Lo riferisce il Guardian online, riportando informazioni diffuse via Twitter dall'avvocato difensore Abdulrahman al-Lahem, il quale aveva chiesto e ottenuto un nuovo processo per il plateale mancato rispetto dei diritti di base dell'imputato e sull'onda delle polemiche internazionali sollevate attorno al caso.

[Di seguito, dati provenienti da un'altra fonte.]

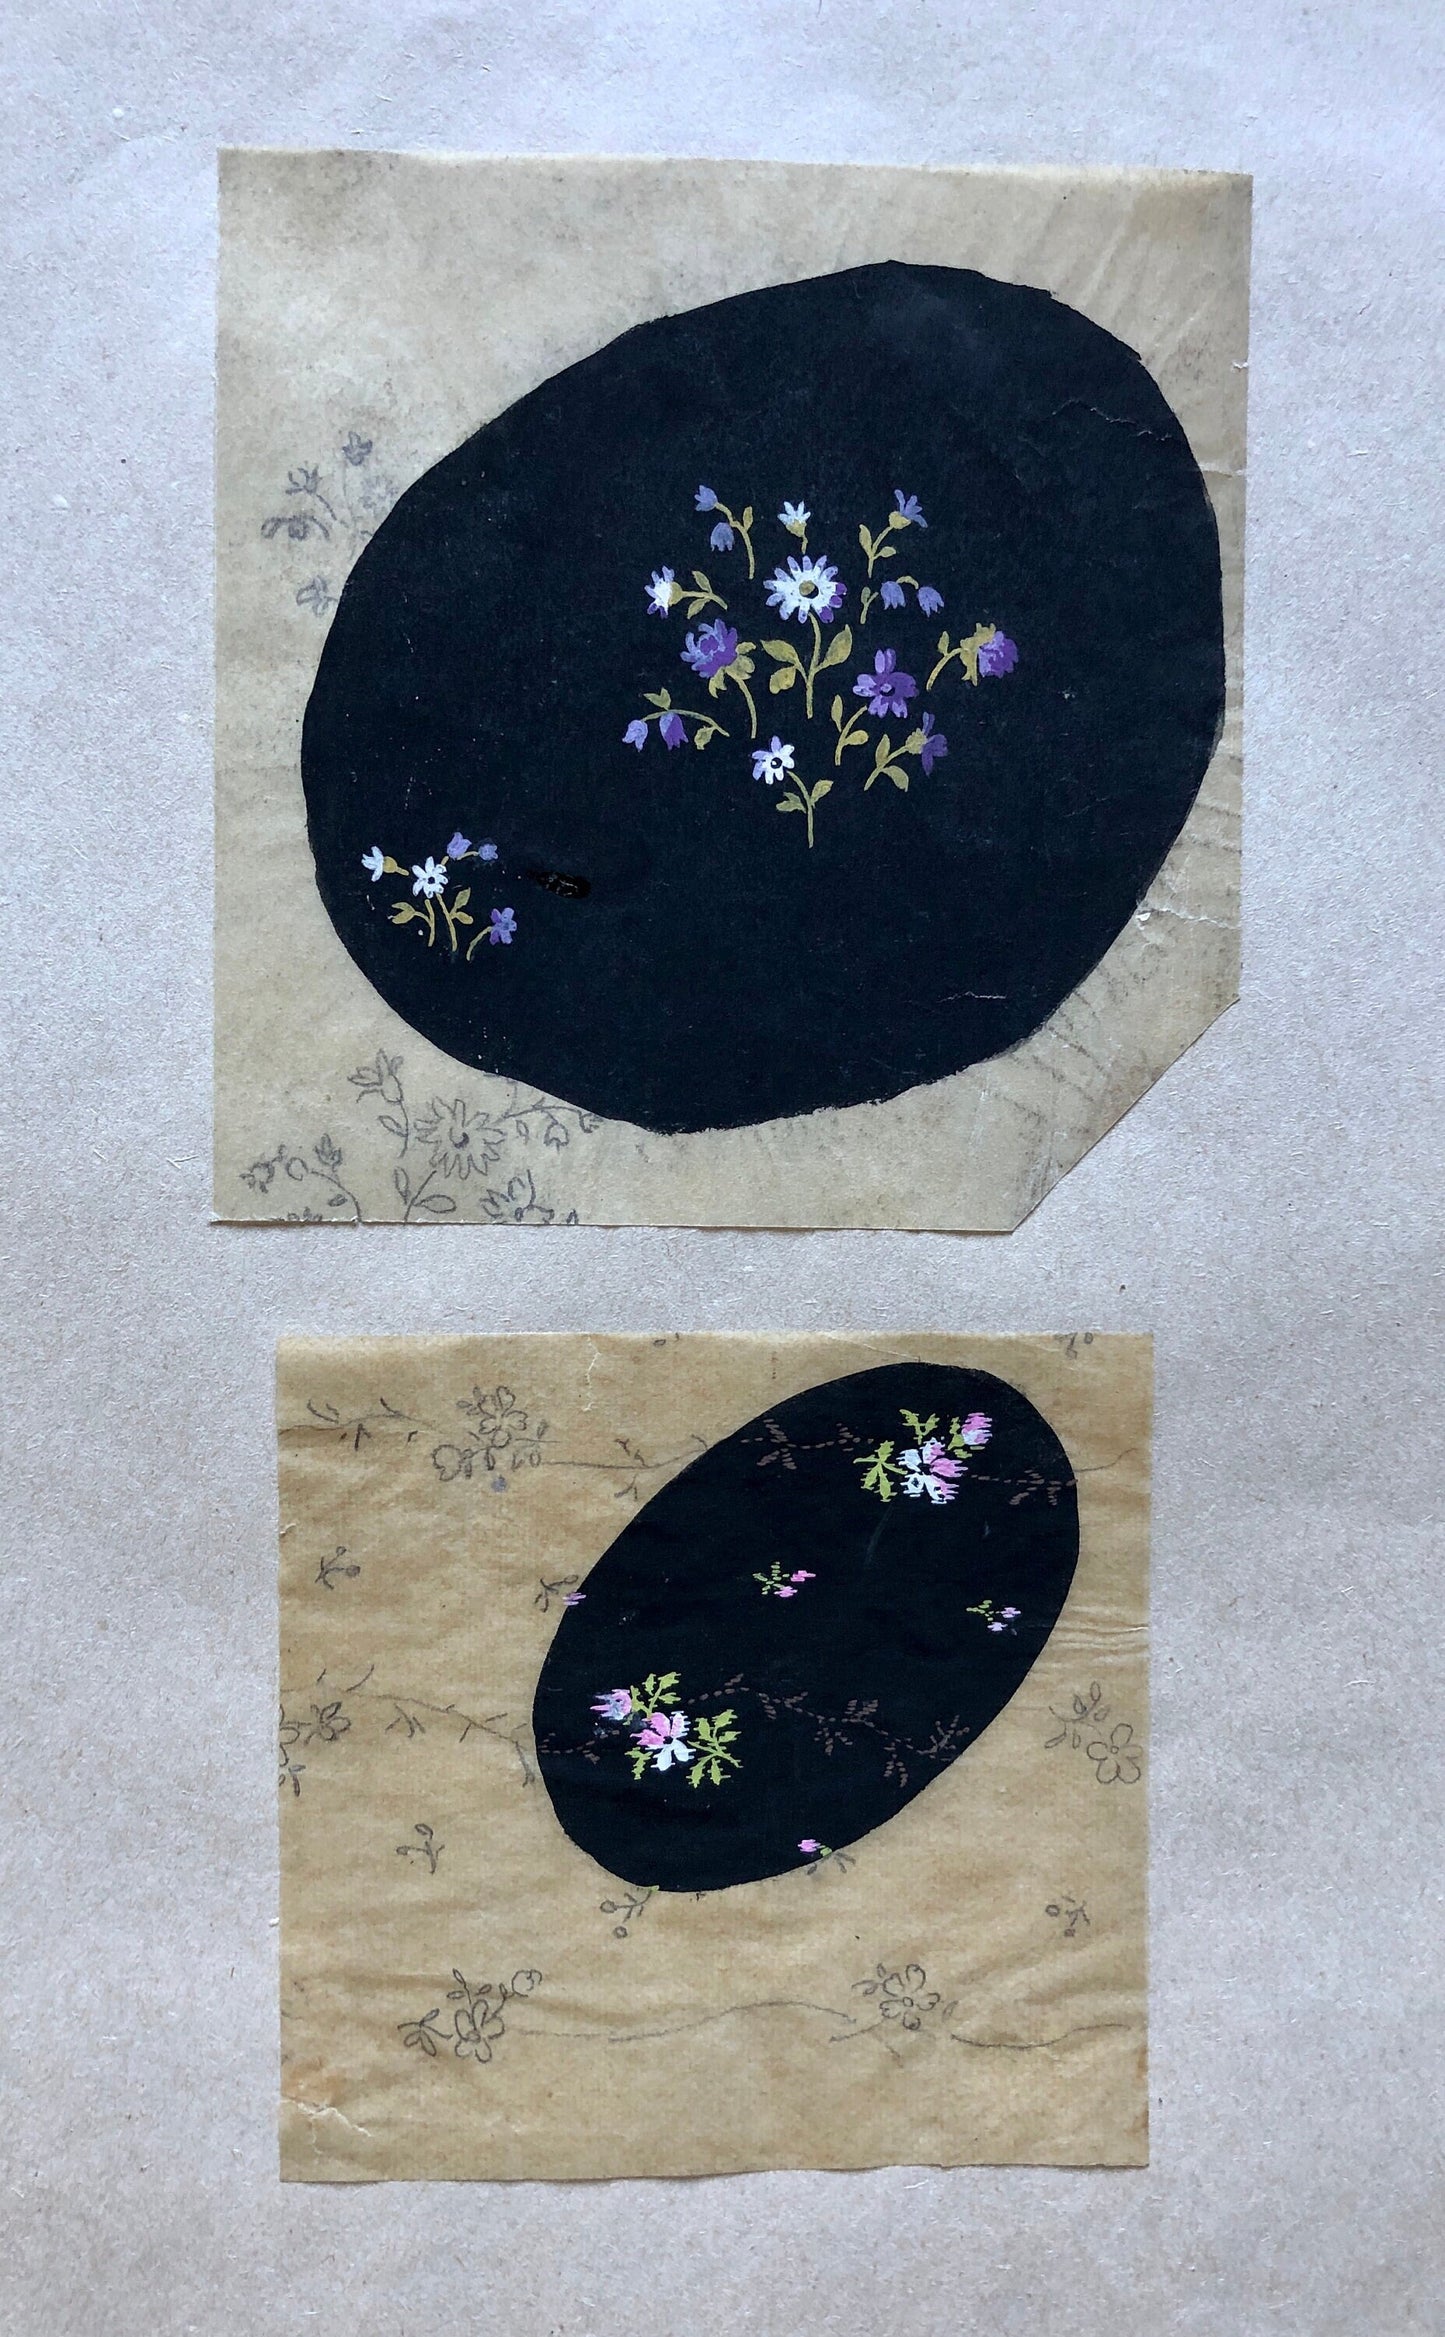 Two Original Hand Painted Antique French Textile Designs. Produced in Lyon in 1911. Size: 9 x 8.7 cms and 7.2 x 7.4 cms.

Le frustate, stando a quanto stabilito dai giudici del regno wahabita nella ripetizione del processo, saranno impartite in 16 diverse sessioni. E tutte le poesie di Faydah - accusato di aver "rinnegato l'Islam" - non potranno più avere accesso sui media sauditi. Lahem si è detto soddisfatto per il nuovo verdetto, ma ha annunciato di voler portare avanti la battaglia giudiziaria per dimostrare "la piena innocenza" del suo assistito.

Adam Coogle, di Human Rights Watch, pur apprezzando la revoca della pena capitale, ha detto che "nessuno dovrebbe essere arrestato per aver espresso pacificamente delle opinioni, men che meno sottoposto a punizioni corporali" e ha invocato quindi la totale cancellazione di una "sentenza ingiusta".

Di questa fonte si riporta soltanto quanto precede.